With this in mind, the 2017 Cleanroom Technology Conference on 12–13 September at the National Conference Centre, in Birmingham, aimed to inform those building, designing, suppling or working in cleanrooms about the latest regulations, standards and trends.
Pharmaceutical and medical device producers are among the most heavily regulated, working under current Good Manufacturing Practice (cGMP) or legislation such as the EU Medical Device Directive. Recent discoveries have led to new biological, cell and gene therapies and the development of new aseptic technologies to ensure that microbiological particulate and pyrogen contamination is minimised in such products. How the ISO standards and GMP guides have changed to accommodate new technologies was the topic of the first morning.
Annex 1
Gordon Farquharson, Chair BSI LBI/030; Chair CEN TC243; and UK Head of Delegation to ISO TC209, reviewed the proposed changes to Annex 1 (Manufacture of Sterile Medicinal Products) and its relationship with BS/EN/ISO 14644-1 & 2: 2015.
Annex 1 (2008) is currently going through a major revision process under a joint EMA and PIC/S project. It has taken longer than anticipated but publication is now expected in early 2018. Farquharson said the revisions should provide some ISO 14644-1:2015 alignment and include several changes to cleanroom environmental monitoring (EM) procedures as well as updates to many aspects of aseptic processing. There will also be new GMP guidance on non-distillation water for injection (WFI) systems.
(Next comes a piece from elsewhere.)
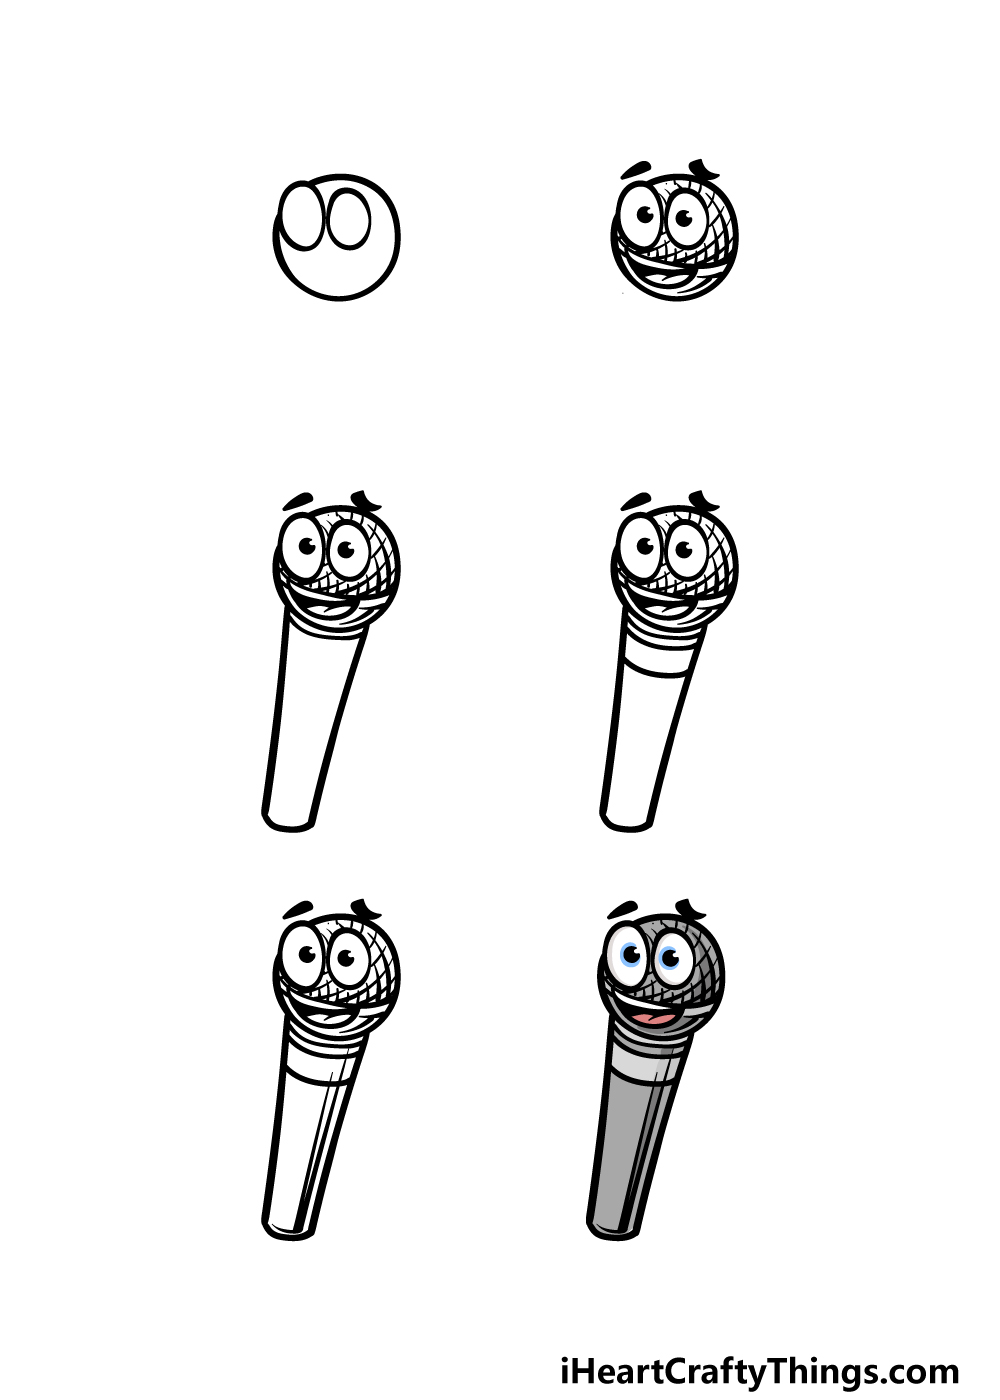 how to draw a cartoon microphone in 6 steps

In terms of air cleanliness, Farquharson focussed on potential changes to particle limits for cleanroom classification, the impact this would have on the number of sample locations tested and the implementation of risk-based thinking. He said the revised Annex 1 will possibly have two tables — one for monitoring and one for classification. The latest version of Annex 1 will continue to avoid prescriptive air changes per hour. Instead, it will emphasise the much more comprehensive requirements that we have enough air of adequate quality to ensure room cleanliness levels; whilst providing the required temperature and relative humidity levels for personnel and product/process; pressurisation; make-up air requirement; and most importantly, effective ventilation/recovery time by means of effective distribution.
He explained some of the new terminology, such as “Clean-up time” meaning “Recovery time” and the emphasis on ventilation effectiveness. To help with this, ISO 14644-4 will be revised and the new ISO 14644-16 will include the concepts of “Contamination Removal Effectiveness” (CRE) and “Air Change Effectiveness (ACE) Index.” ISO 14644-3:2005 also includes a Recovery Time test method. He looked at some of these definitions and how they are calculated.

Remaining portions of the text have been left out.